Heroku resets all user accounts after passwords are stolen

Heroku resets all users’ passwords. This is related to a previous security incident where OAuth tokens were misused to attack GitHub repos. Users’ passwords were also stolen.

Heroku has started notifying users. Since this week, they have been receiving e-mails stating that their passwords will be recovered. Users must create a new password for their Heroku accounts. Heroku warns that as a result, applications running on the platform may no longer work. The password reset also means that other applications that access the Heroku api will no longer work, the platform writes in the email. Users must first create new access tokens for this. The company also recommends that users enable multi-factor authentication, but it is not required to do so.

The reset is related to a previous security incident. In April it turned out that attackers stole OAuth tokens with which they downloaded data from private repos on GitHub. This happened from npm’s GitHub repo, among other things. GitHub then reported that those tokens came from two services that offered OAuth integration. That was Heroku and Travis-CI. Heroku previously withdrew access tokens from users’ applications.

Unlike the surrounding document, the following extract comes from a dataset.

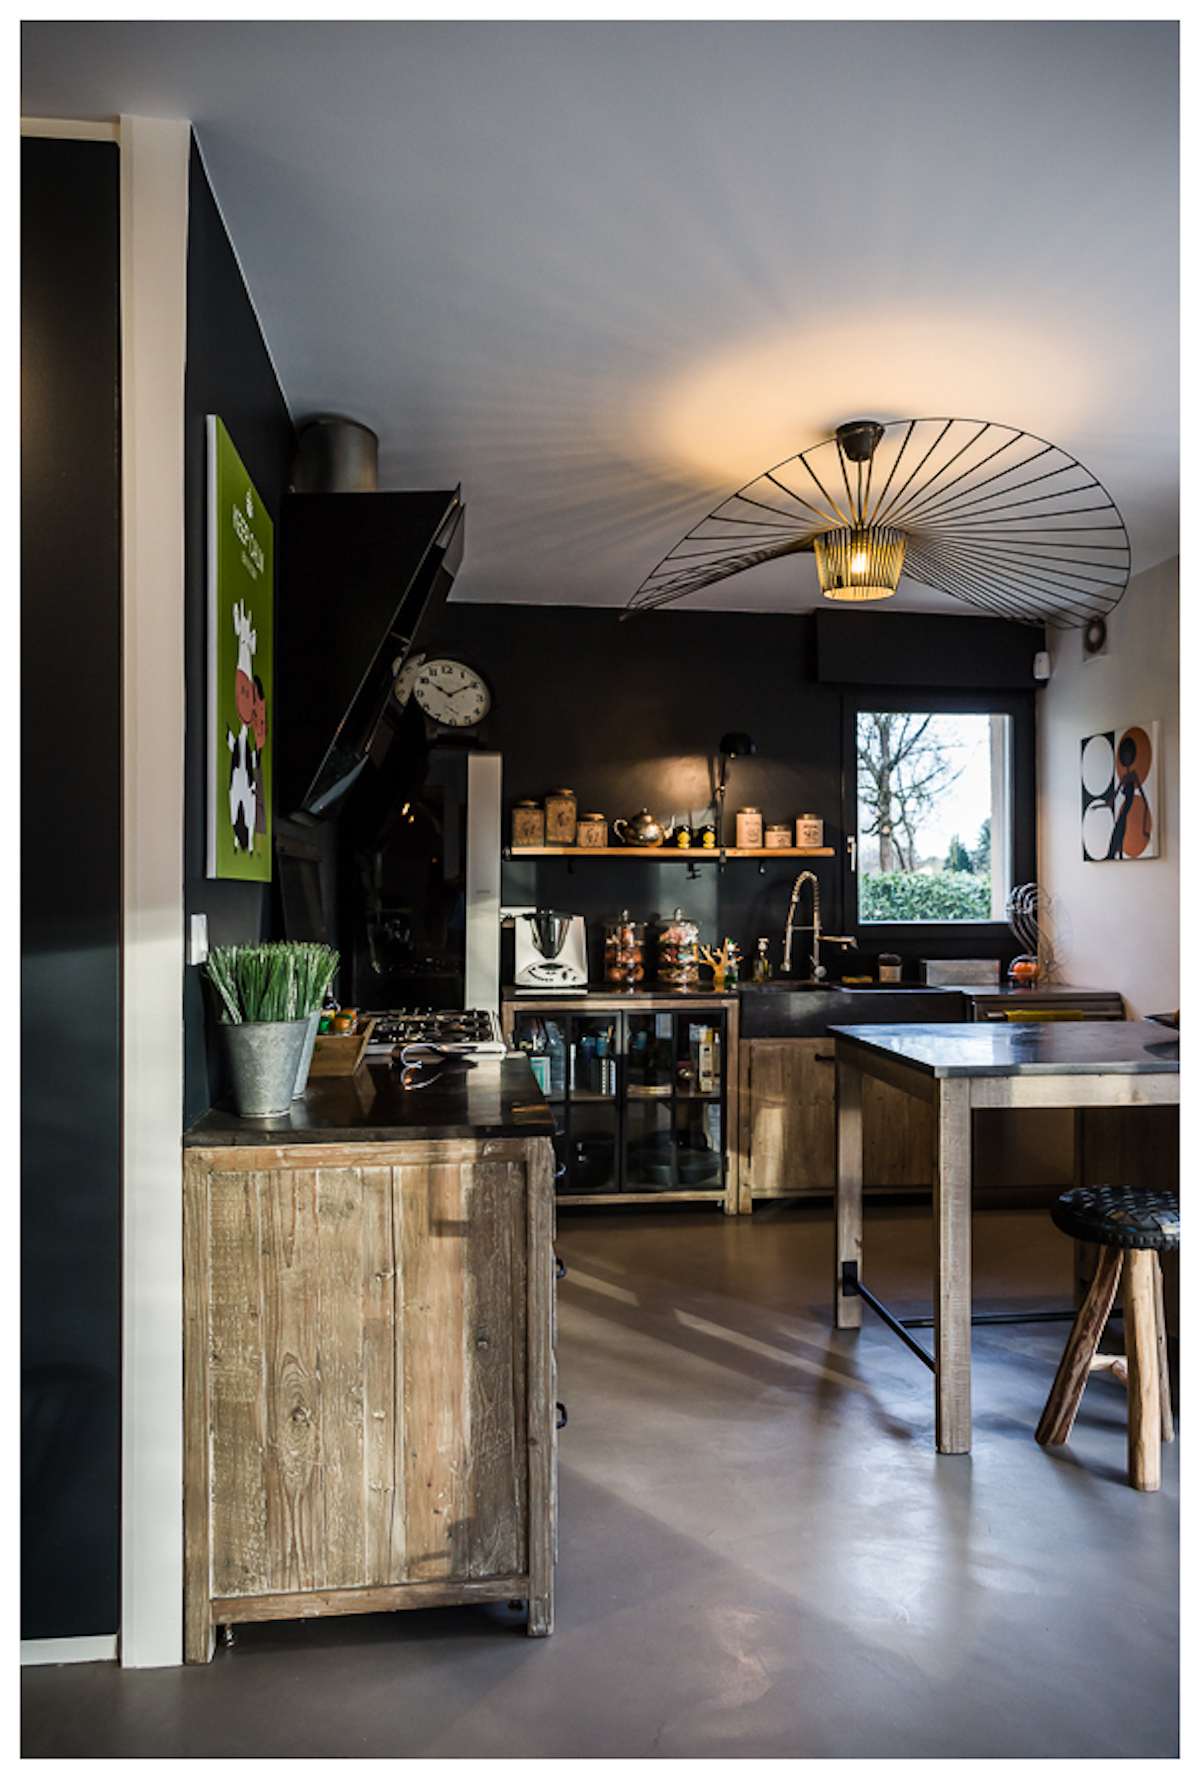 Renovation-decoration-maison-77-carre-4-original

Initially, it was not clear what the exact extent of the incident was. Tokens were also revoked from users who did not have GitHub integration with Heroku. The current password reset also applies to all Heroku accounts. heroku writes now in an update that attackers gained access to Heroku’s own private repos that also contained source code. The attackers also had access to a database containing an unknown number of hashed and salted passwords. Heroku owner Salesforce then decided to reset all user credentials.